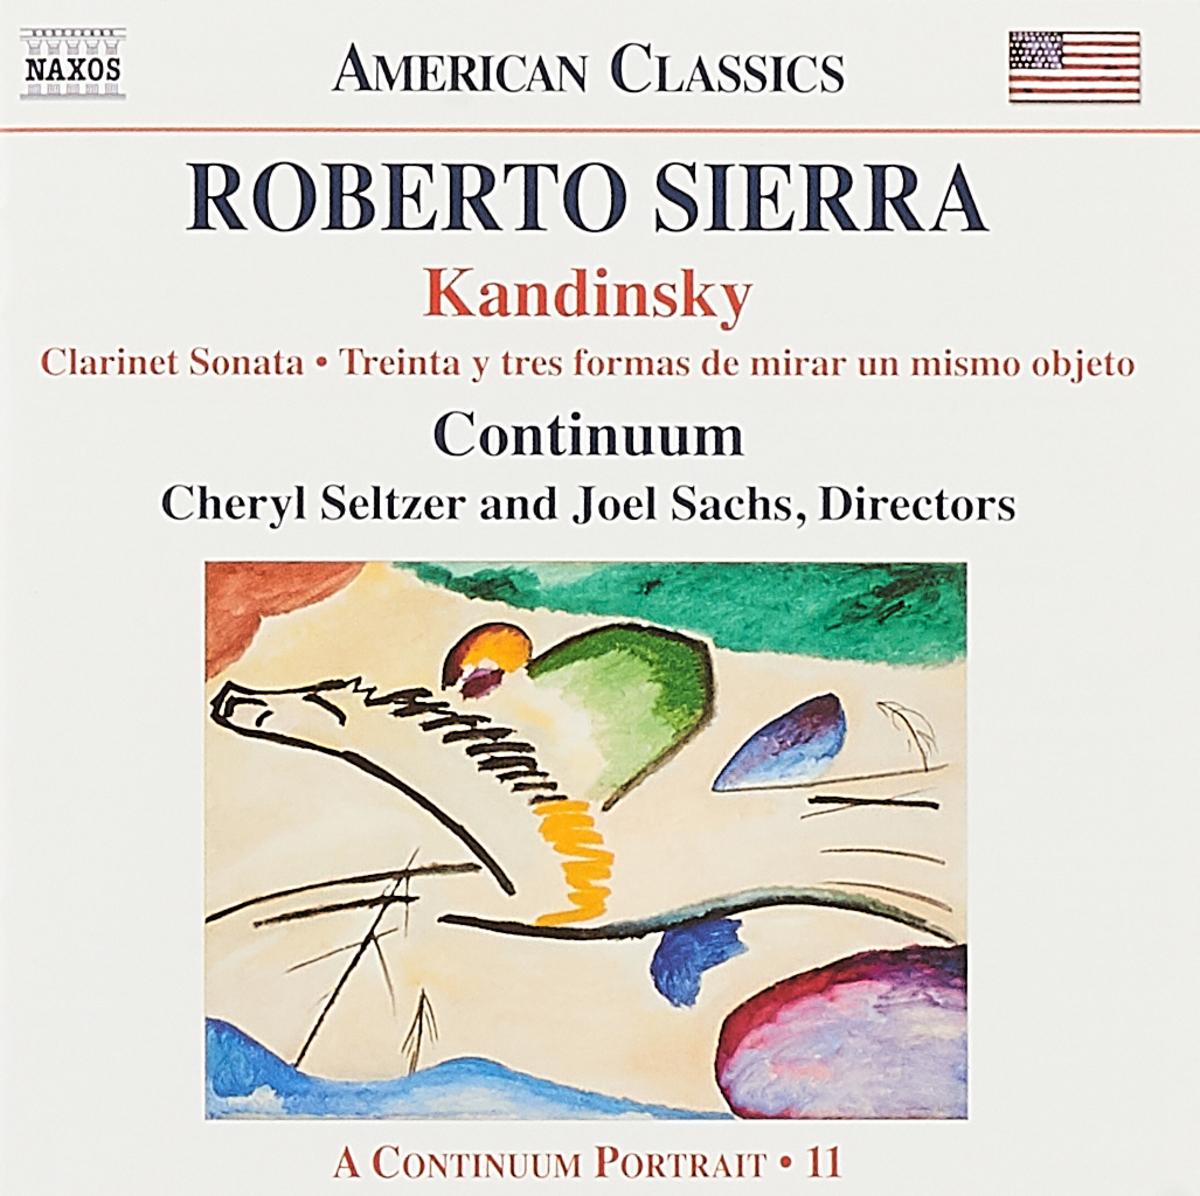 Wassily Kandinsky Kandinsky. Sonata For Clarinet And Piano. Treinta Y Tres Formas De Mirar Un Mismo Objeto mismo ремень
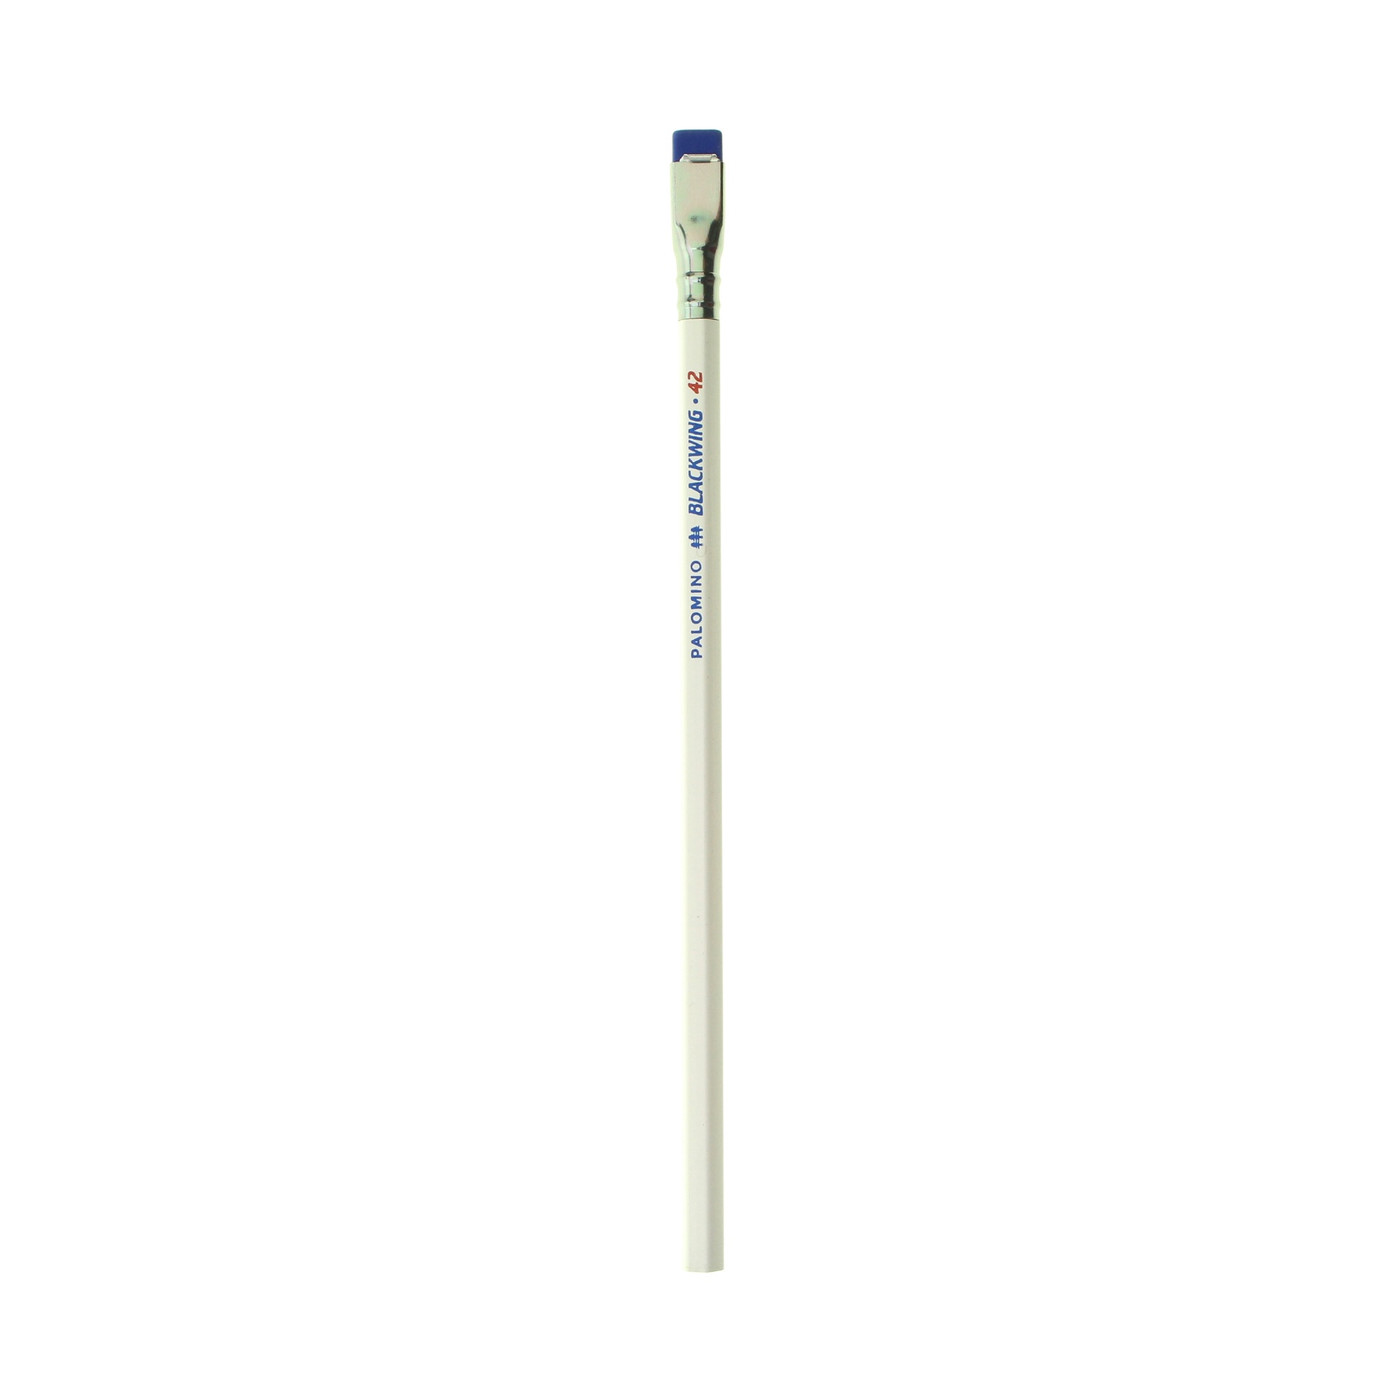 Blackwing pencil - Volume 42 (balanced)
○ ○ ○
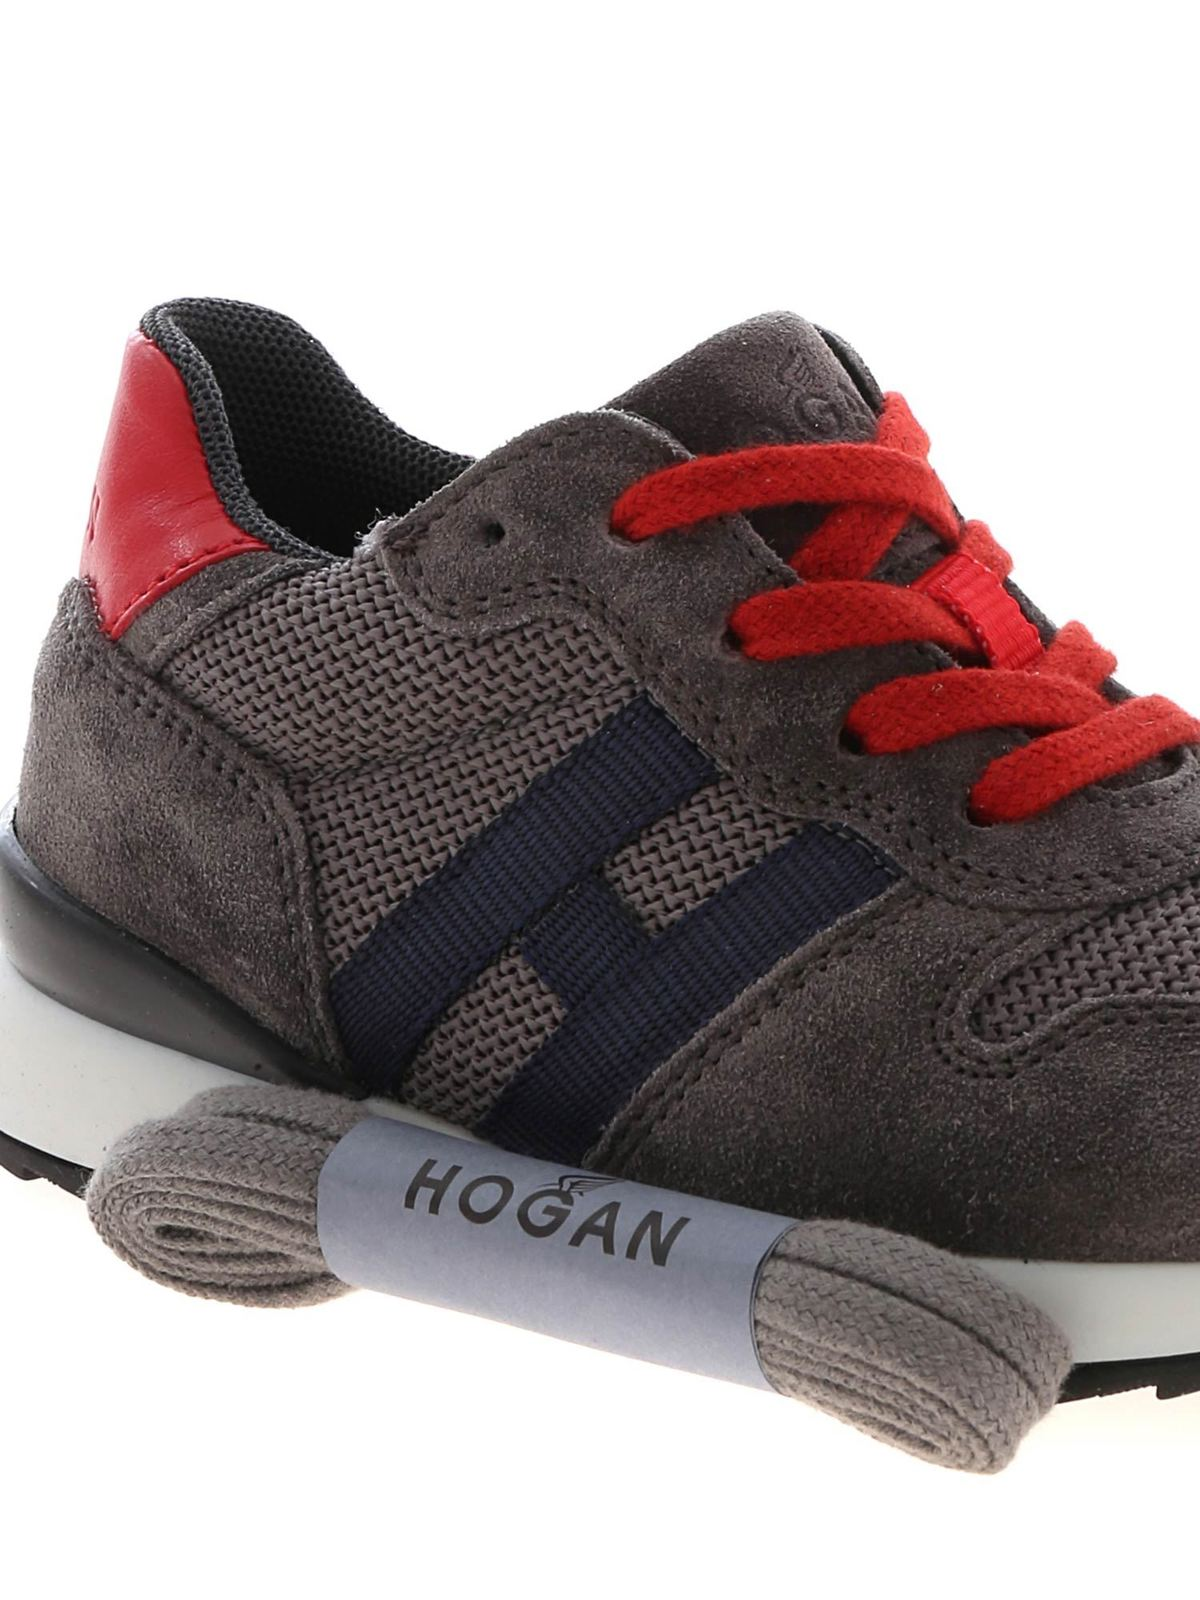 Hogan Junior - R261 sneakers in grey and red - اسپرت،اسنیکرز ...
○ ○ ○
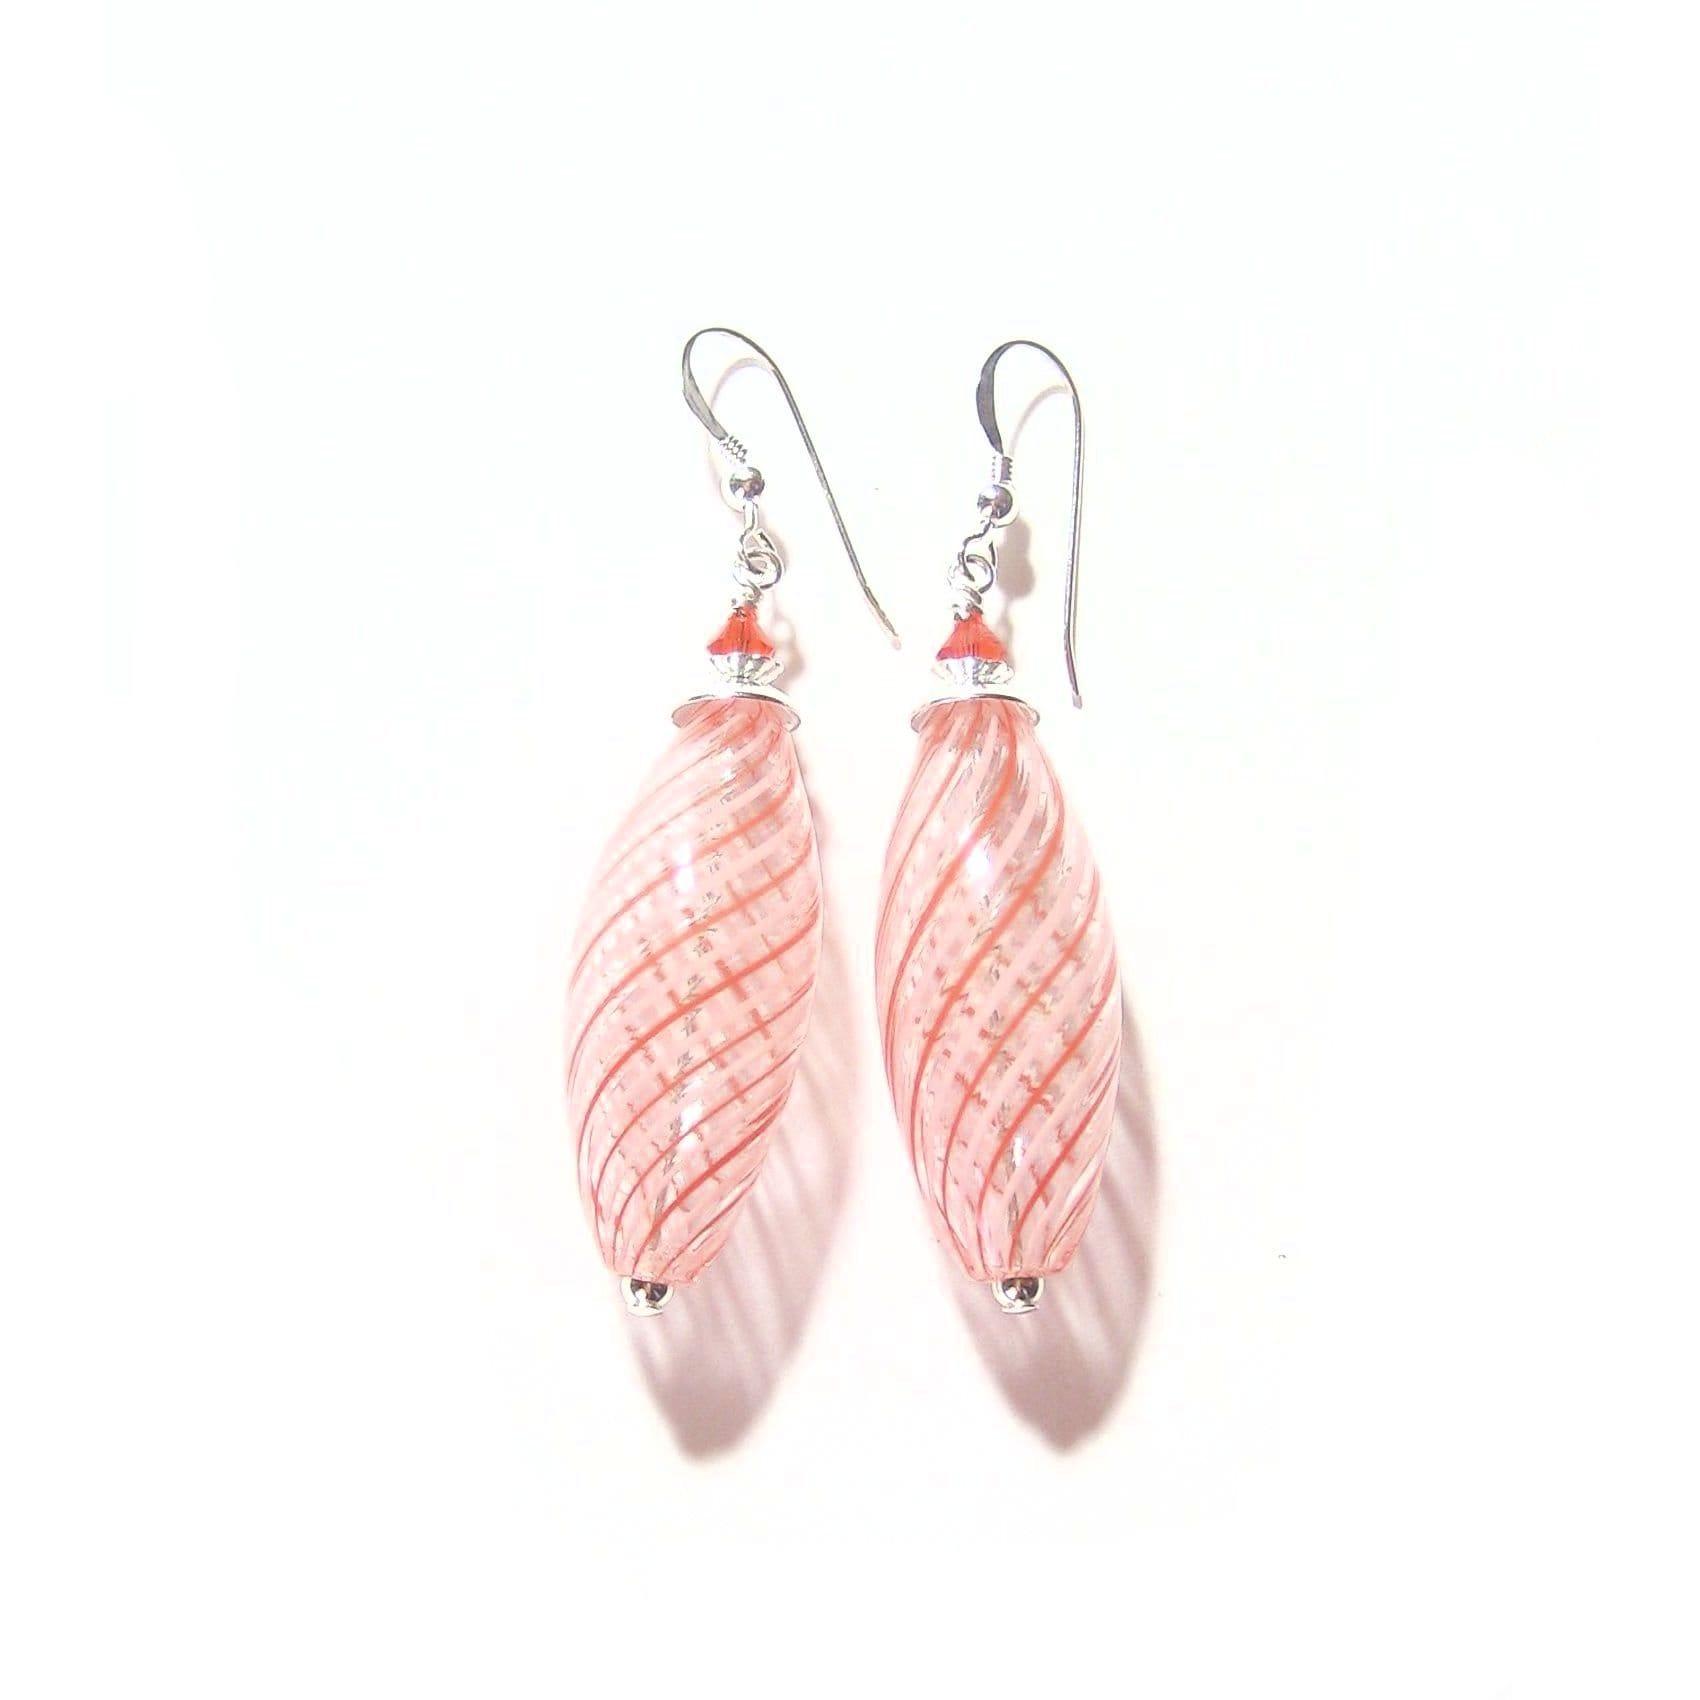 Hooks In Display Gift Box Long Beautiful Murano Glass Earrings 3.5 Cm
○ ○ ○
- [Task brief]: For the entries above, print exactly the lines between the one with "Wassily Kandinsky Kandinsky." and the one with "Blackwing pencil - Volume 42 (balanced)", inclusive, with no pictures.

- [Output below]:
 Wassily Kandinsky Kandinsky. Sonata For Clarinet And Piano. Treinta Y Tres Formas De Mirar Un Mismo Objeto mismo ремень
 Blackwing pencil - Volume 42 (balanced)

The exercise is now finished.